The plotting utilies also include binning functions for creating nice histograms. The get_bins function produces bins based on a binning function, of which three are provided:

  • linear_binning: Bins are spaced evenly from the lowest to the largest value of the data.
  • log_binning: Bins are log-spaced from the lowest to the largest value of the data, which is assumed to be positive.
  • normal_binning: Bins are distributed according to the distribution of the data, such there are more bins closer to the center of the data. This is useful if the data somewhat resembles a normal distribution, as the resolution will be the greatest where there is the most data.

It is also possible to provide custom binning functions.

get_bins provide both x and y coordinates, making it simple to use with argument unpacking:

import matplotlib.pyplot as plt
import numpy as np
from pelutils.ds.plots import get_bins, normal_binning

# Generate normally distributed data
x = np.random.randn(100)
# Plot distribution
plt.plot(*get_bins(x, binning_fn=normal_binning))

Finally, different smoothing functions are provided. The two most common are moving_avg and exponential_avg which smooth the data using a moving average and exponential smoothing, respectively.

The double_moving_avg is special in that the number of smoothed data points do not depend on the number of given data points but is instead based on a given number of samples, which allows the resulting smoothed curve to not by jagged as happens with the other smoothing functions.

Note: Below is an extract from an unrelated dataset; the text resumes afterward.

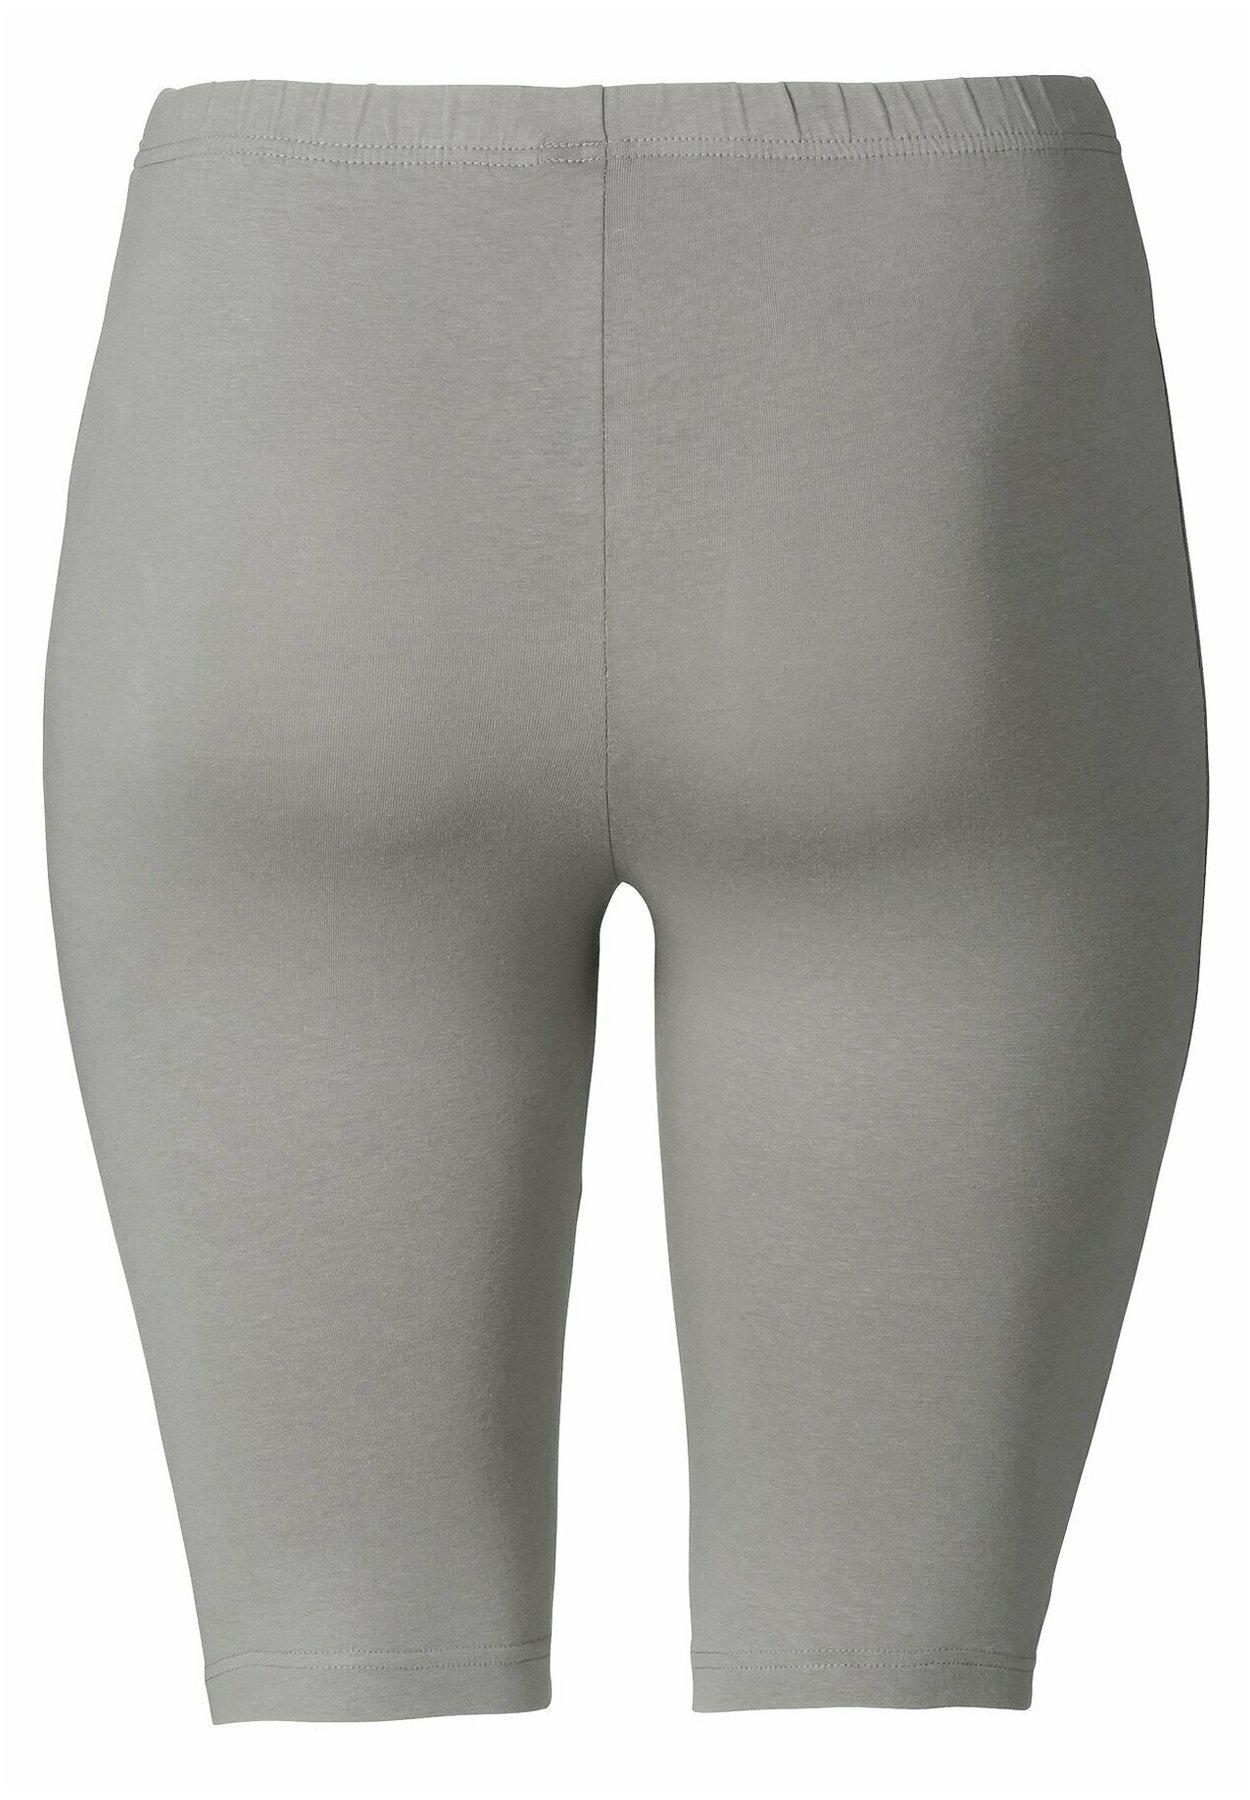 Damen kurze Sporthose

It also has two smoothness parameters, which allows a large degree of smoothness control.

Apart from smoothness parameters, all smoothness functions have the same call signature:

from pelutils.ds.plots import double_moving_avg

# Generate noisy data
n = 100
x = np.linspace(-1, 1, n)
y = np.random.randn(n)

# Plot data along with smoothed curve
plt.plot(*double_moving_avg(x, y))
# If x is not given, it is assumed to go from 0 to n-1 in steps of 1
plt.plot(*double_moving_avg(y))

Examples of all the plotting utilities are shown in the examples directory.

Supported platforms

Precompiled wheels are provided for most common platforms. Notably, they are not provided for 32-bit systems. If no wheel is provided, pip should attempt a source install. If all else fails, it is possible to install from source by pointing pip to Github directly:

pip install git+https://github.com/peleiden/pelutils.git@release#egg=pelutils

It is also possible to install from source using pip's --no-binary option.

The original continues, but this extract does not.